Lootifer wrote:Metsfanmax wrote:What I think the quoted argument misses is that the mathematical equation describing the dynamics is valid regardless of the fundamental reason for why the dynamics happens that way. Newton's law of gravitation, for example, is clearly a supreme approximation describing the motion of the moon. Whether that is because of general relativity or because of space aliens, it is nevertheless true.
Hrmm, my limited knowledge of philosophy makes me agree with what you are saying; but, and im sure there is someone around here who can answer adequately, are you not referring to empiricism rather than objectivity?
I don't know if I'm quite qualified to answer this, but I had made a mental note to come back and try at some point (as much for my own clarity of reasoning as for any external reasoning), so here goes.
Empiricism is all about judging reality only on the basis of evidence that we can collect, either directly or indirectly. Objectivity is all about finding out what is really there, behind the "veil of perception". For example it would be perfectly permissible in empiricism for me to say "I am sitting on a black chair", but for objectivity that statement is functionally meaningless. The concepts of me, the chair, the colour black, and what it means to be sitting are all inherently subjective, even if they can be almost universally agreed upon. What actually matters is what is really happening.

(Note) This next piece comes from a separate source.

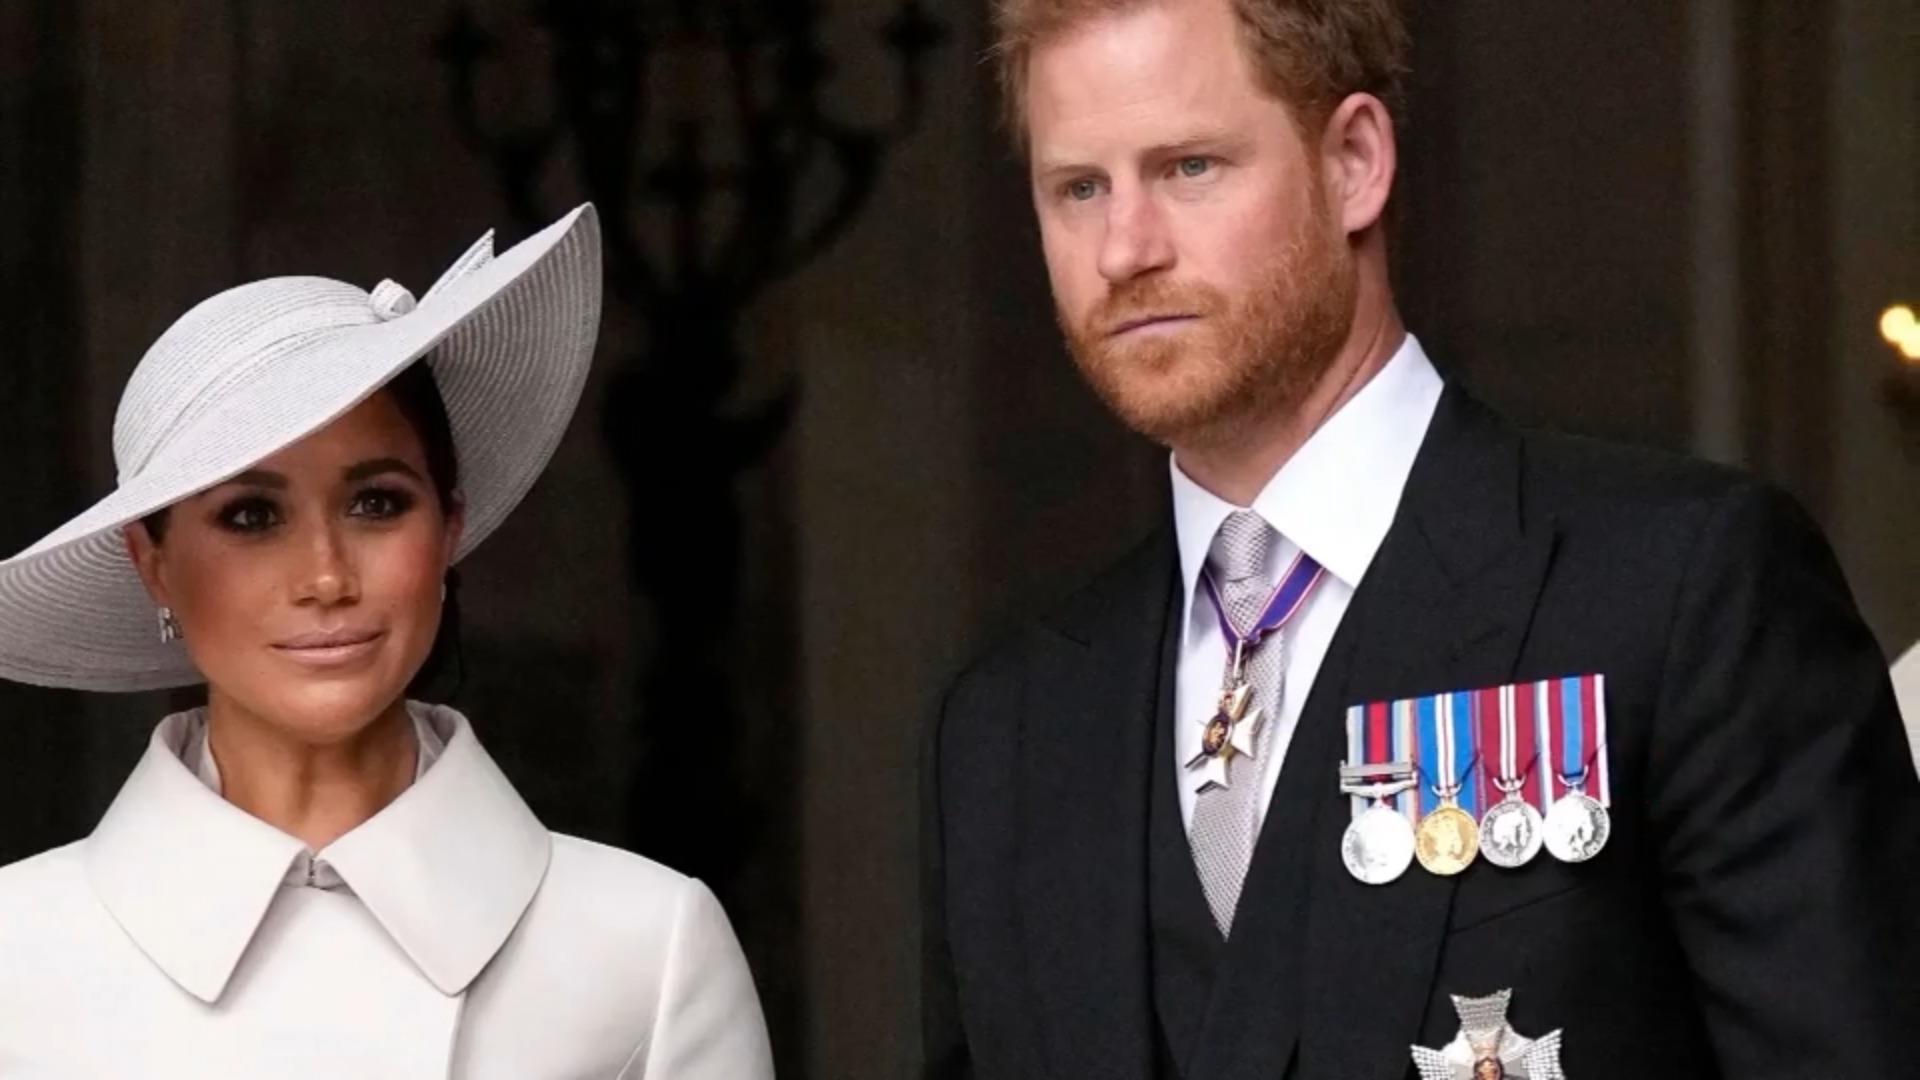 This press photo in Harry and Meghan's documentary is a fake doubt on credibility

In a sense, to avoid making this a really really long post (it's going to be long enough anyway), we are limited by our perception. We can draw up mathematical models for things, we can "discover" certain laws and functional relationships between things, but what we cannot do (with the possible exception of pure theoretical mathematics, and even that is debatable) is to see behind our "veil of perception". Our brains just aren't capable of perceiving or conceptualising that level of reality.
For example, you can look at relativity. Relativity states that space is curved, but it is impossible to conceive of a 3 dimensional object, functionally infinite in all of those 3 dimensions, that is also curved. We can imagine something like a long, thin, wide box, that has 3 dimensions, and then bend it to be a curved 3 dimensonal object, but we cannot imagine that the 3 dimensions themselves can be curved because we would have to be able to conceptualise a space outside of those 3 dimensions for it to be curved in, and thats simply limiting the size of the 3 dimensions and curving within those same 3 dimensions, which is fundamentally different to an actual reality of 3 dimensional space which is also curved.

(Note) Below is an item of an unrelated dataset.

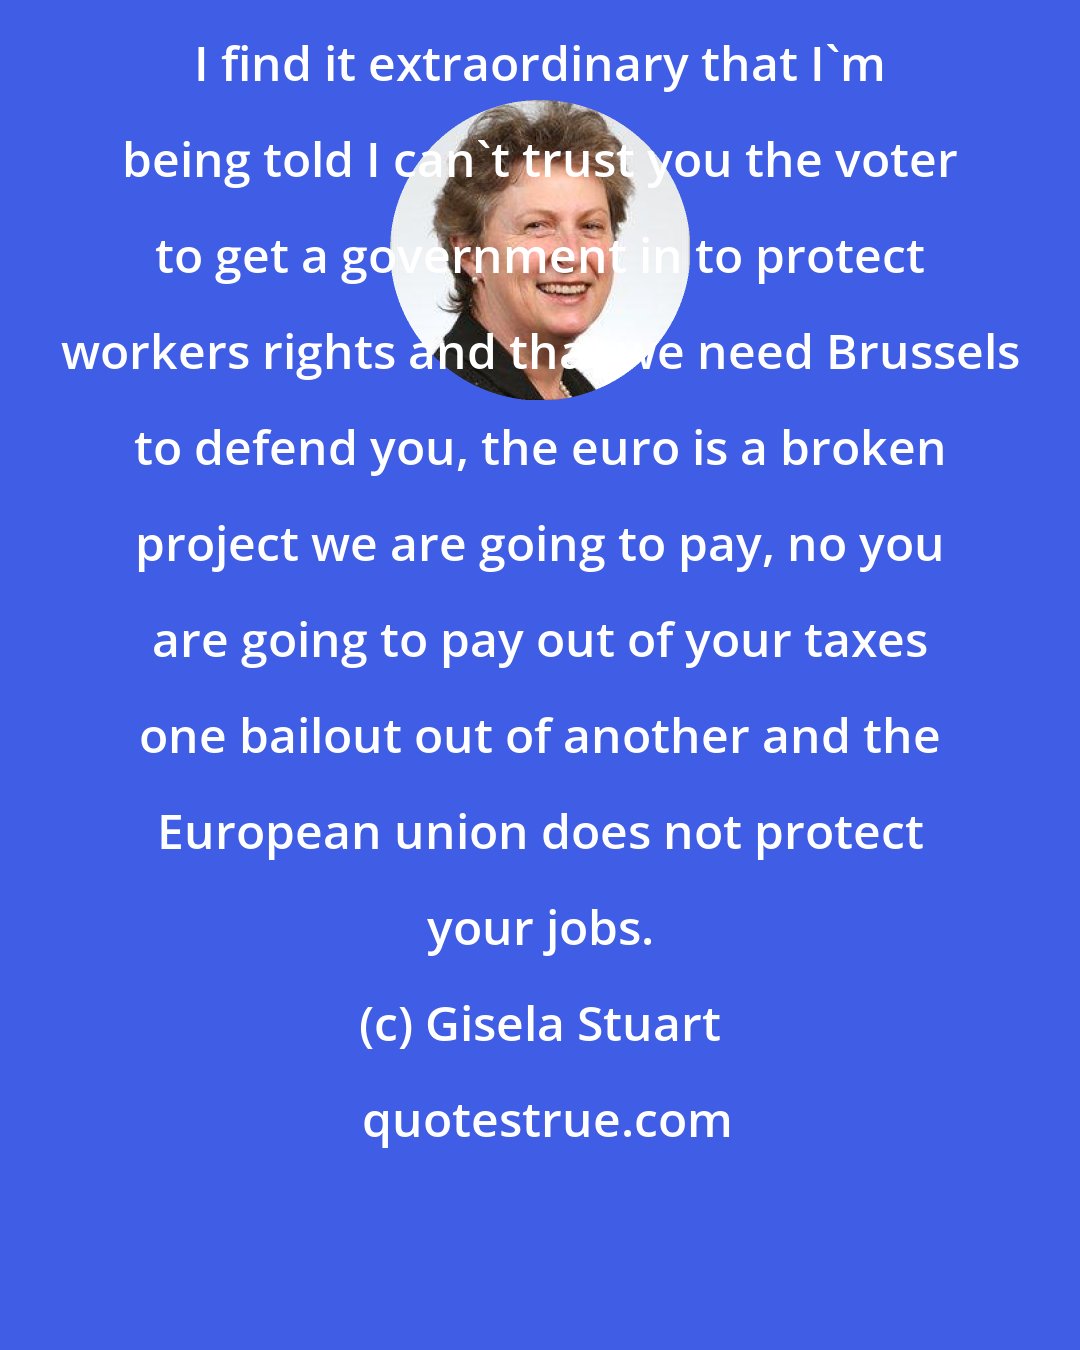 Gisela Stuart: I find it extraordinary that I'm being told I can't trust you the voter to get a government in to protect workers rights and that we need Brussels to defend you, the euro is a broken project we are going to pay, no you are going to pay out of your taxes one bailout out of another and the European union does not protect your jobs.

Or, you can look at quantum mechanics. This states that an electron may be able to exist in multiple places at the same time. Now, we can imagine a picture of an electron at a point in space, and we can imagine zooming out to give a wider view and we can say that now we can see that electron existing in more than one place at once, but what we are actually doing is imagining multiple elctrons. We're not picturing a single electron co-existing in multiple locations, we are imagining copies of the elctron existing at the same time in different locations and all sharing the same behaviour and exhibiting the effect that if one of them is affected by something they all are.
It all gets very counter-intuitive at these sorts of levels, and it's confounded some of the greatest minds of our generation and a few beforehand. Richard Feynman, the godfather of quantum physics, himself admitted that he didn't actually understand quantum physics. He just followed the maths.